The Role of Pollen Starch Granules in Pollen Challenge Studies in the Fraunhofer Environmental Exposure Unit

The aim of the study is to explore the contribution of pollen starch granules to the induced symptoms and airway inflammation in patients with allergic rhinitis and mild asthma in a controlled pollen exposure(pollen challenge room at the Fraunhofer ITEM). Starch granules are released from the pollen grains and are considered to be the allergen carriers of the pollen. The hypothesis is proposed that pollen starch granules are important in the induction of airway inflammation and airway hyperresponsiveness.

Study Overview

• Status: Completed
• Conditions: Asthma; Seasonal Allergic Rhinitis
• Intervention / Treatment: Procedure: exposure to grass pollen/starch granules

• Study Type: Interventional
• Enrollment: 24
• Phase: Not Applicable

Contacts and Locations

Study Locations

• Germany
  • Hannover, Germany, 30625
    • Fraunhofer ITEM

Participation Criteria

Eligibility Criteria

• Ages Eligible for Study: 18 years to 55 years (Adult)
• Accepts Healthy Volunteers: No
• Genders Eligible for Study: All

Description

Inclusion Criteria:

• • Male and female subjects, aged 18-55 years.

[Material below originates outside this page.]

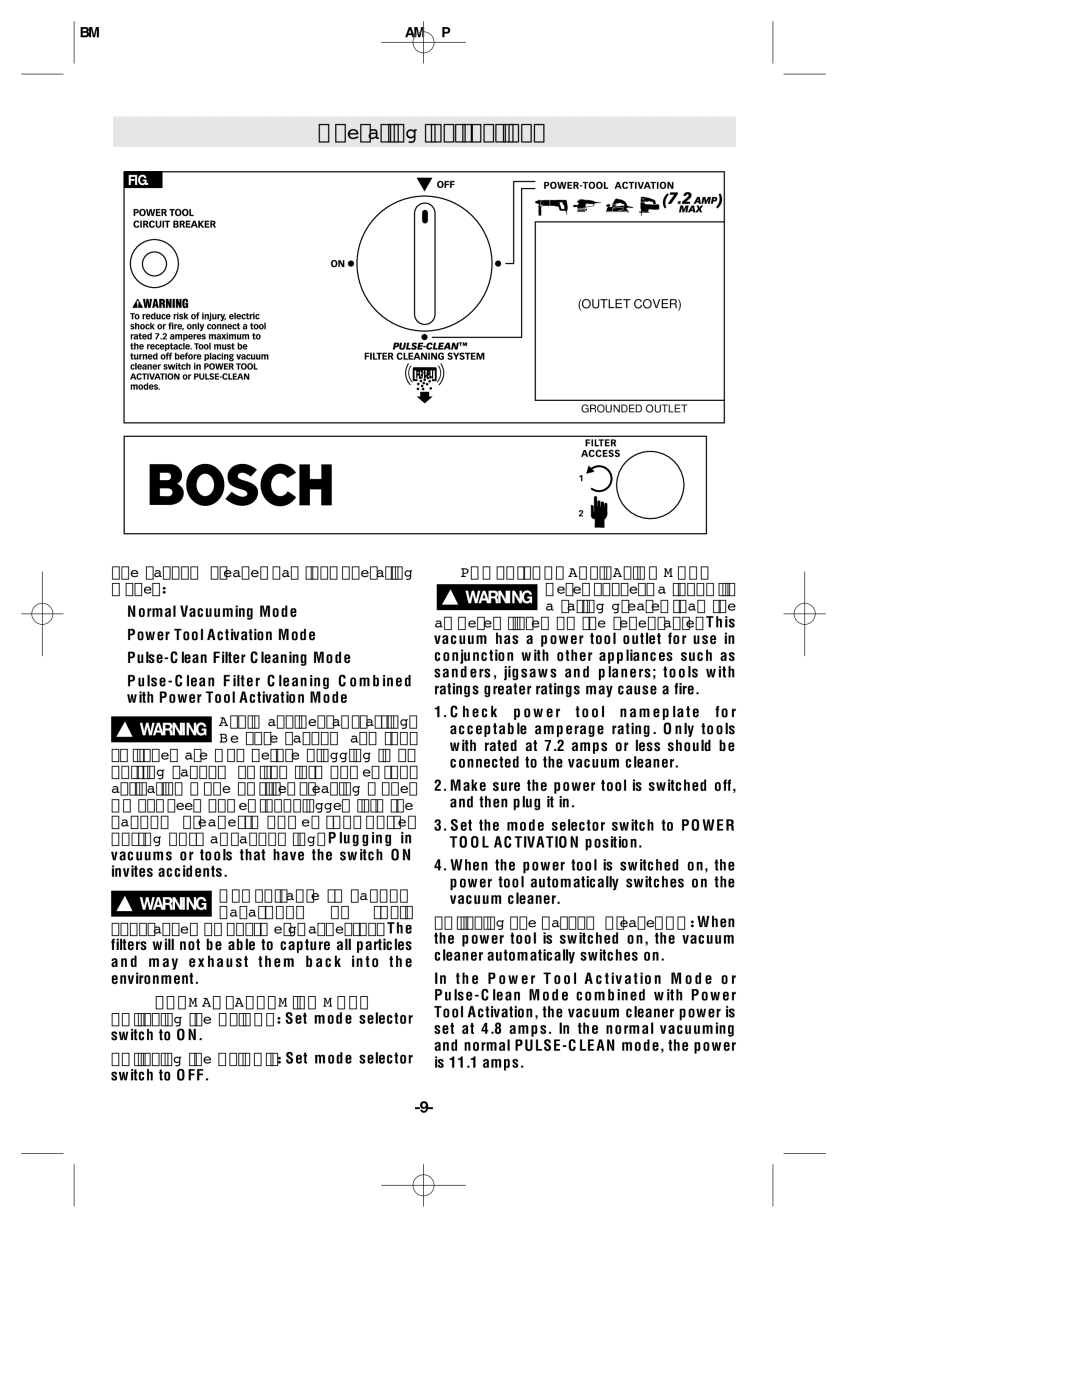 Bosch Appliances 3931 manual Operating Instructions, Normal Vacuuming Mode, POWER-TOOL Activation Mode

Women will be considered for inclusion if they are:

  • Not pregnant or nursing.
  • Of non-child bearing potential (i.e. physiologically incapable of becoming pregnant, including any female who is pre-menarchial or post-menopausal with documented proof of hysterectomy or tubal ligation, or meet clinical criteria for menopause and have been amenorrhoeic for more than 1 year prior to the screening visit).
  • Of childbearing potential and using an appropriate method of contraception (Oral contraceptive pill or double barrier).
  • Documented history of bronchial asthma first diagnosed at least 6 months prior to the screening visit and currently being treated only with intermittent short-acting beta2-agonist therapy by inhalation. Patients on low dose steroids will be washed out for 4 weeks.
  • FEV1 > 80% of predicted at screening.
  • They have history of allergic rhinitis to grass pollen and a positive skin prick test for Dactylus glomerata pollen at or within 12 months prior to the screening visit.
  • Documented sensitivity to AMP with a provocative concentration of AMP resulting in a 20% fall in FEV1 (PC20 AMP) of <80mg/ml at the screening visit.
  • Non smoker or smokers with a history of less than 10 pack years.
  • Able and willing to give written informed consent to take part in the study.
  • Available to complete all study measurements.

Exclusion Criteria:

• • History of a respiratory tract infection and/or exacerbation of asthma within 4 weeks before the informed consent and during the study.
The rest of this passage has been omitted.